• EXERCISE DESCRIPTION
Scan the records below for the line with "guitar on teal" and the line with "Grandfather and grandson", and retype that range exactly, both ends included, pictures excepted.

• DATA EXTRACTS
■ ■ ■ ■

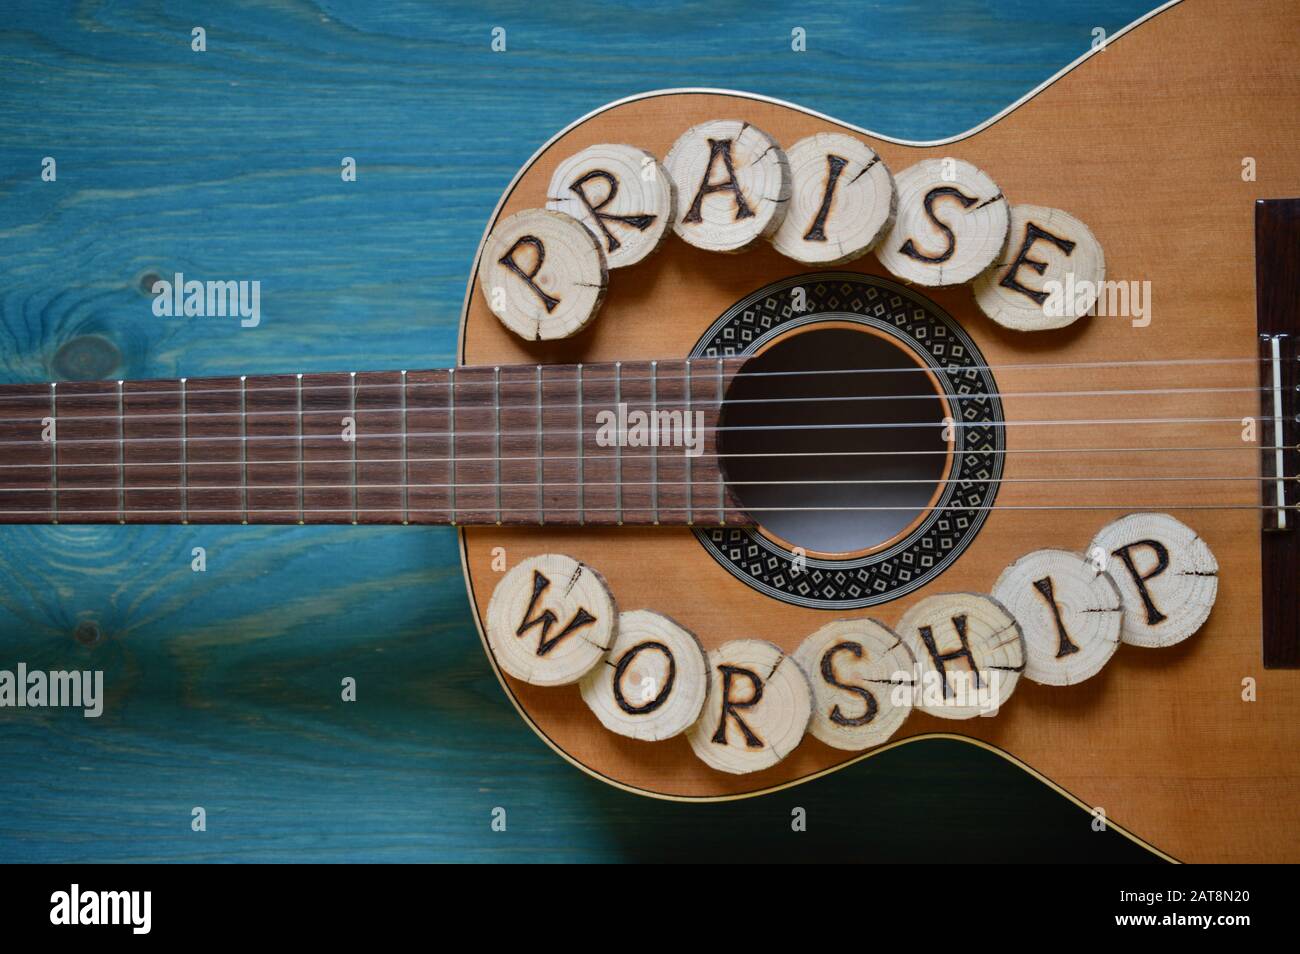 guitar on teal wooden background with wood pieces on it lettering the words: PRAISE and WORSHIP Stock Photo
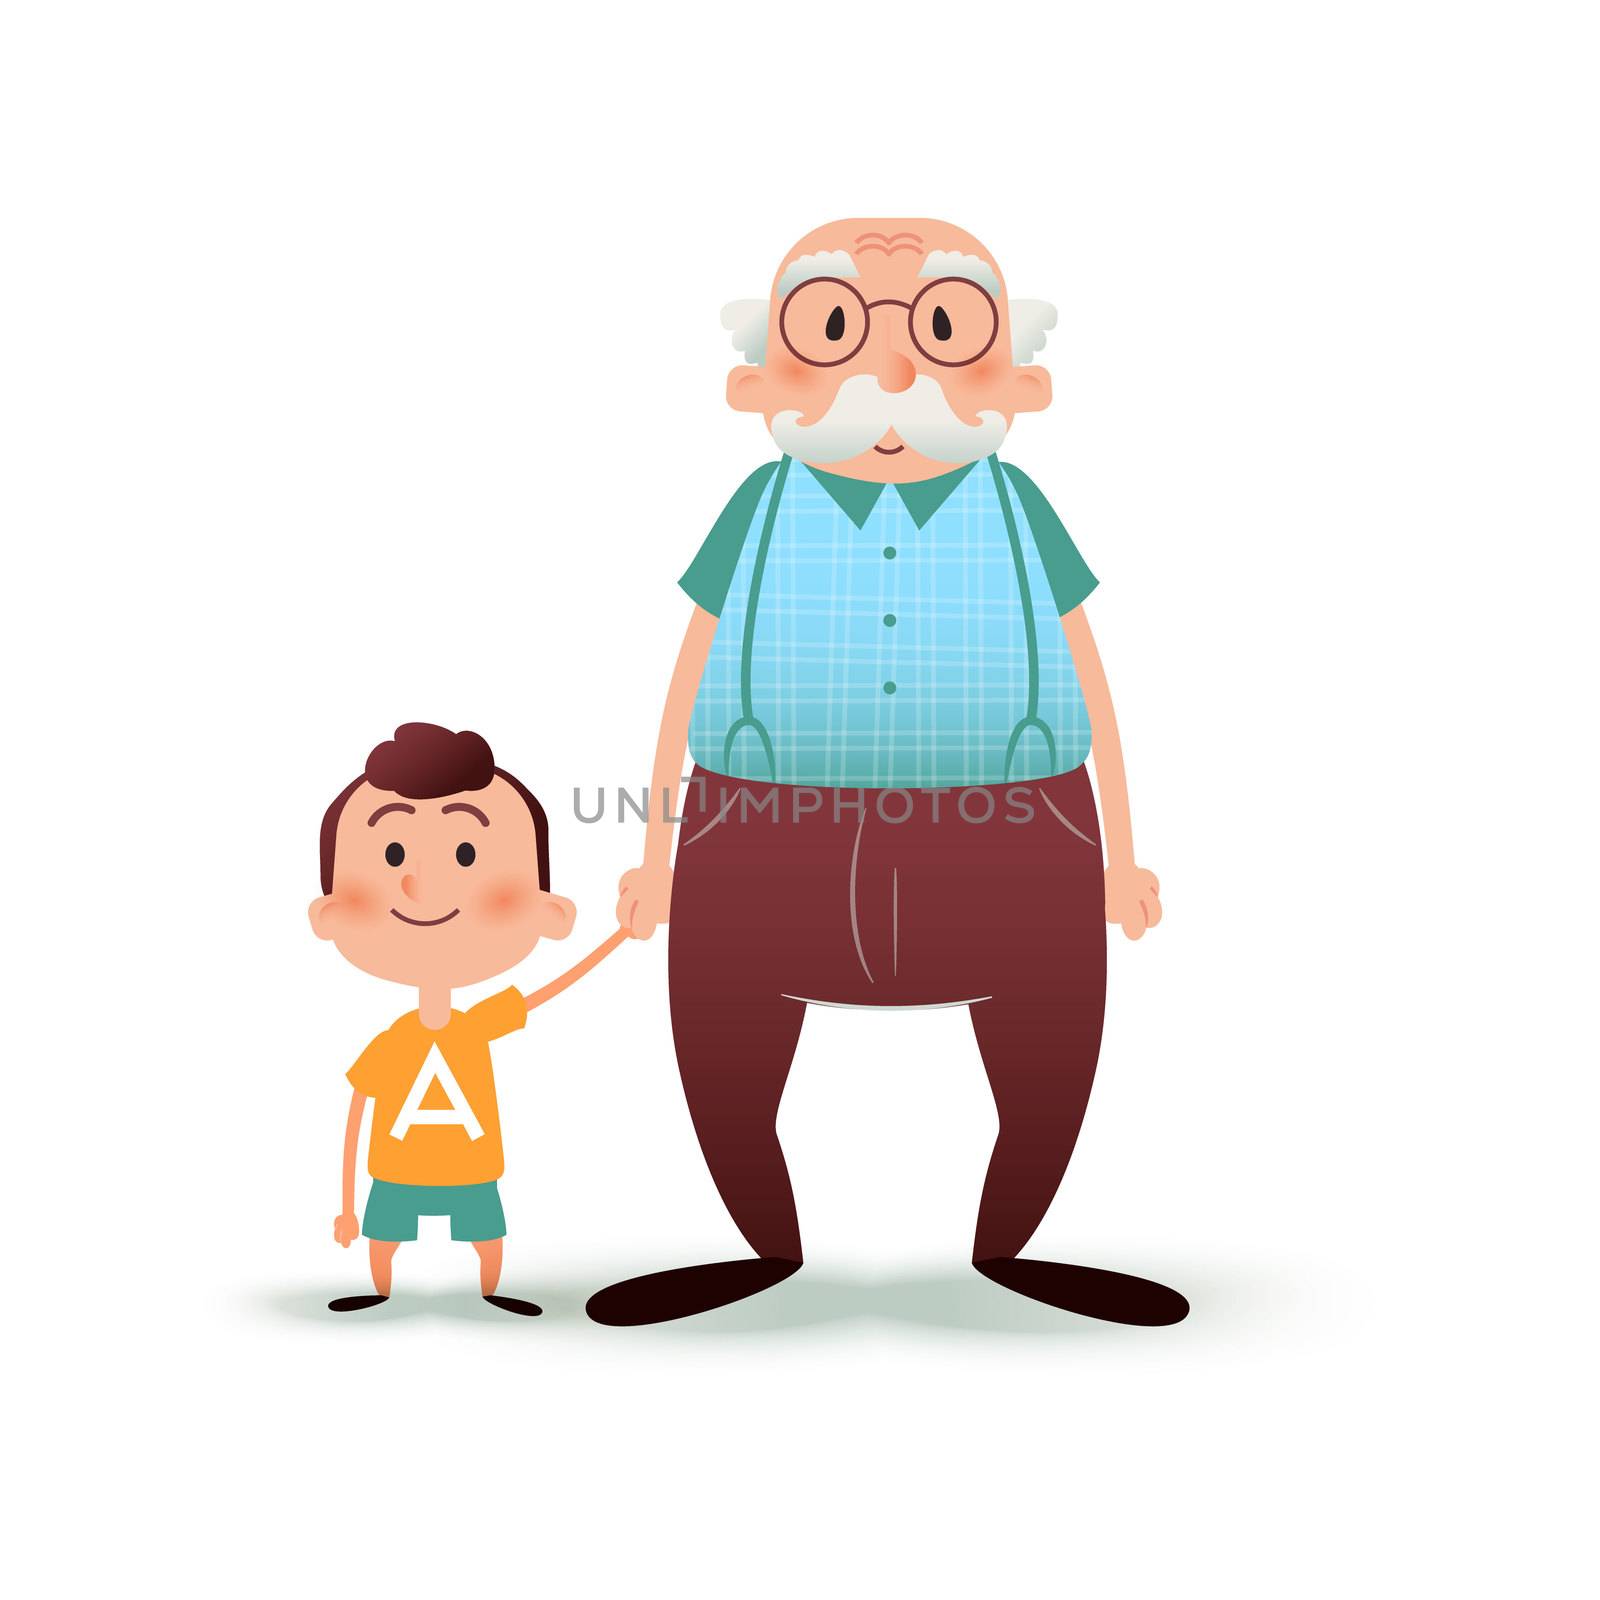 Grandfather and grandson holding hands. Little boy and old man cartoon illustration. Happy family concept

■ ■ ■ ■

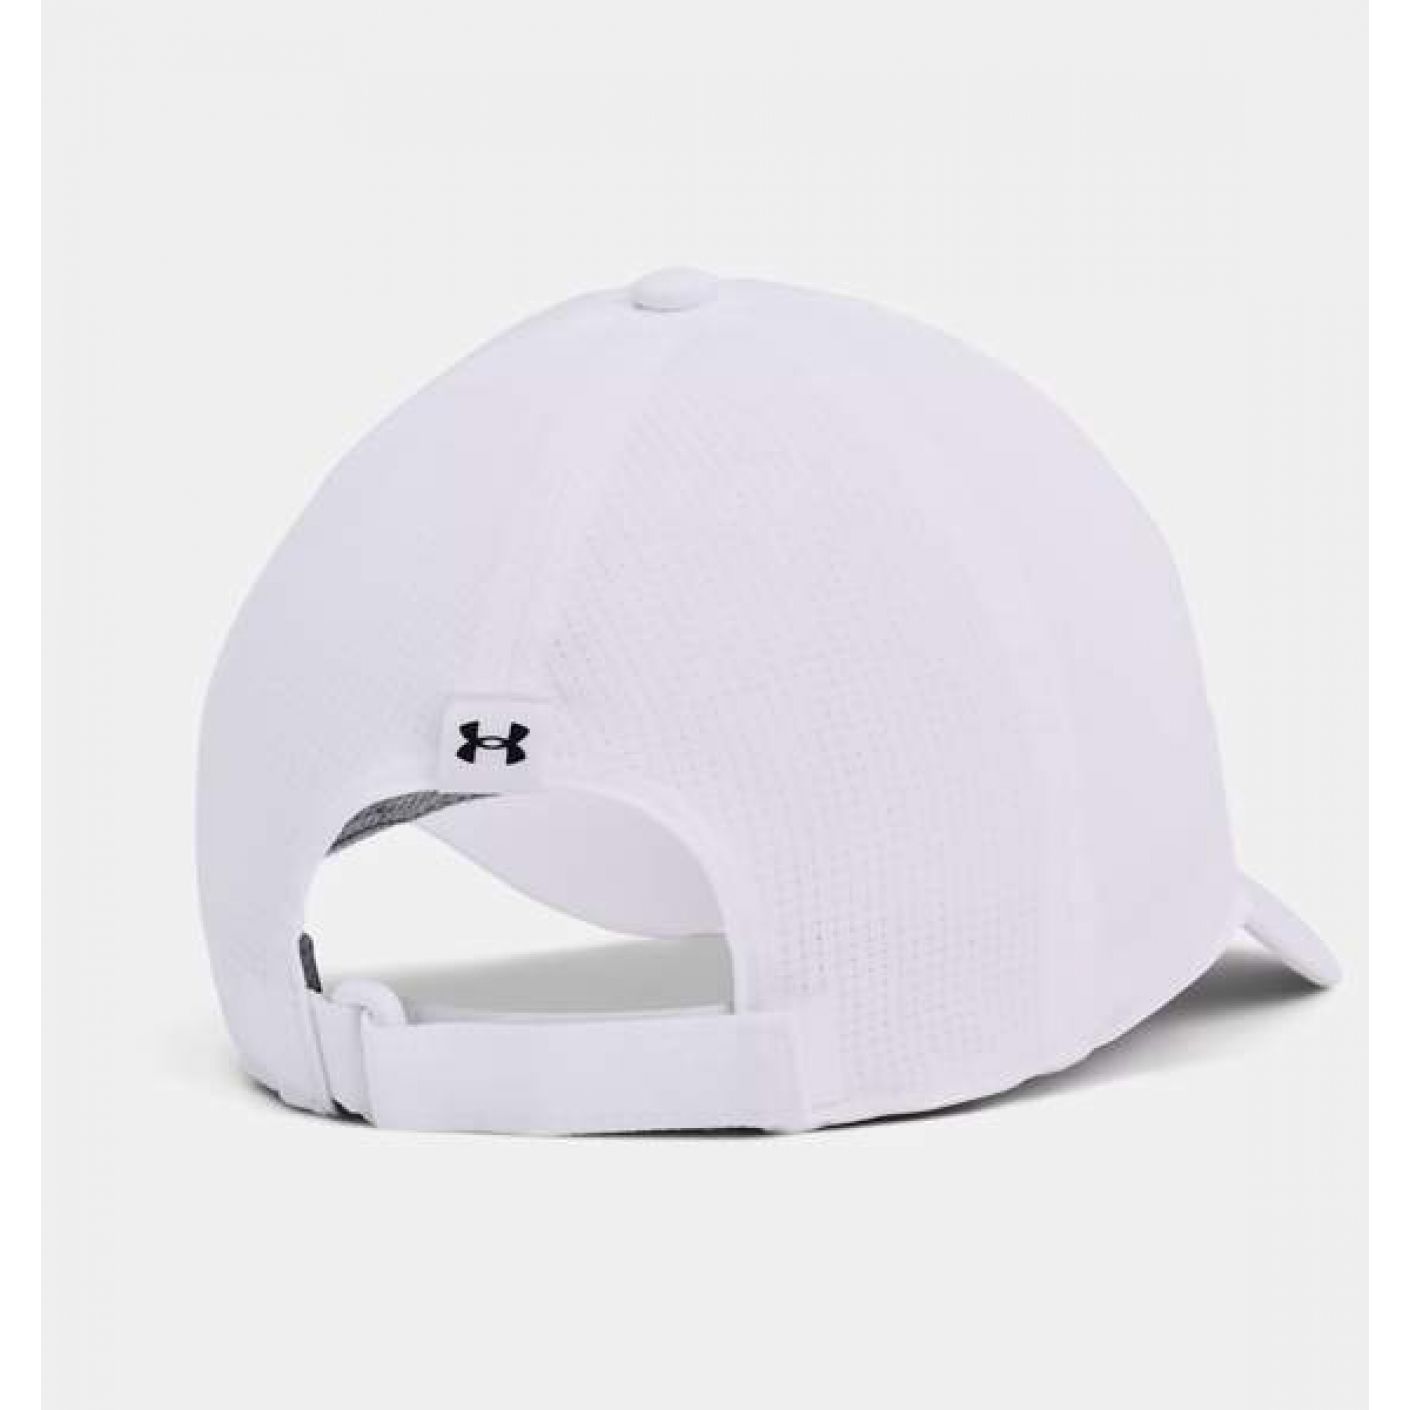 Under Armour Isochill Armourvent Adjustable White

■ ■ ■ ■

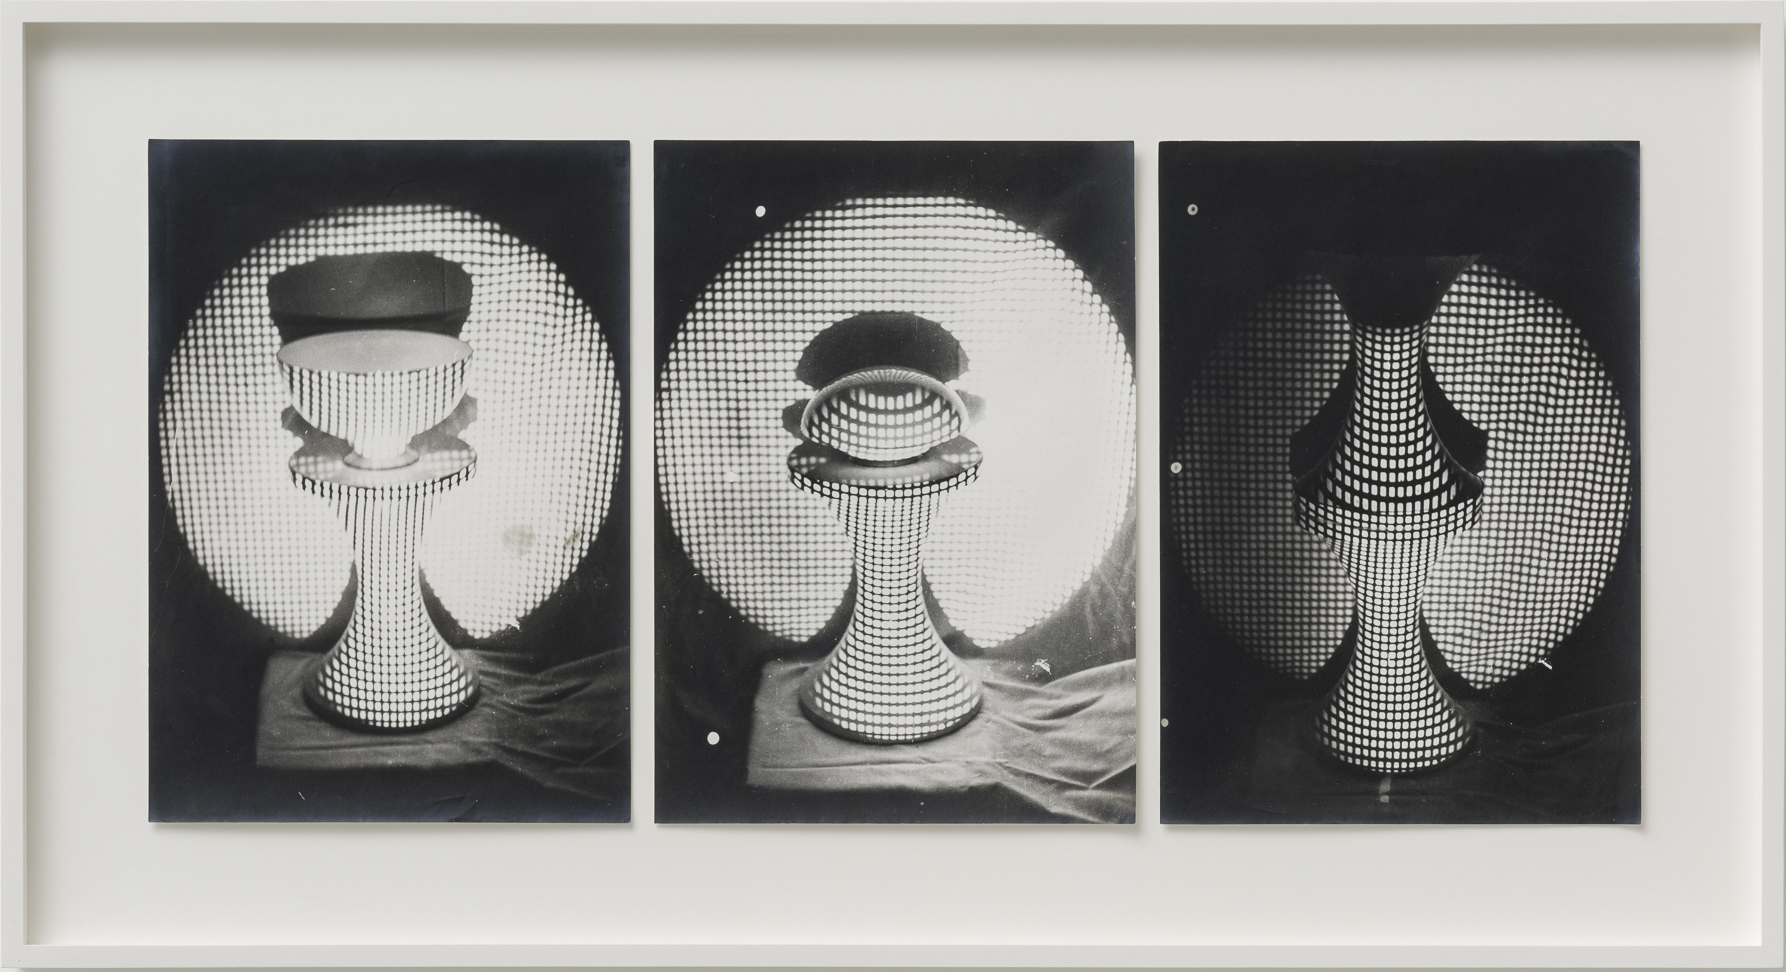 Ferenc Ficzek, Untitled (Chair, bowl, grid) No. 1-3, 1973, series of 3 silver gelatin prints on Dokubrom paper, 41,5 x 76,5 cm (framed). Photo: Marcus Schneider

■ ■ ■ ■

• EXERCISE RESULT
 guitar on teal wooden background with wood pieces on it lettering the words: PRAISE and WORSHIP Stock Photo
 Grandfather and grandson holding hands. Little boy and old man cartoon illustration. Happy family concept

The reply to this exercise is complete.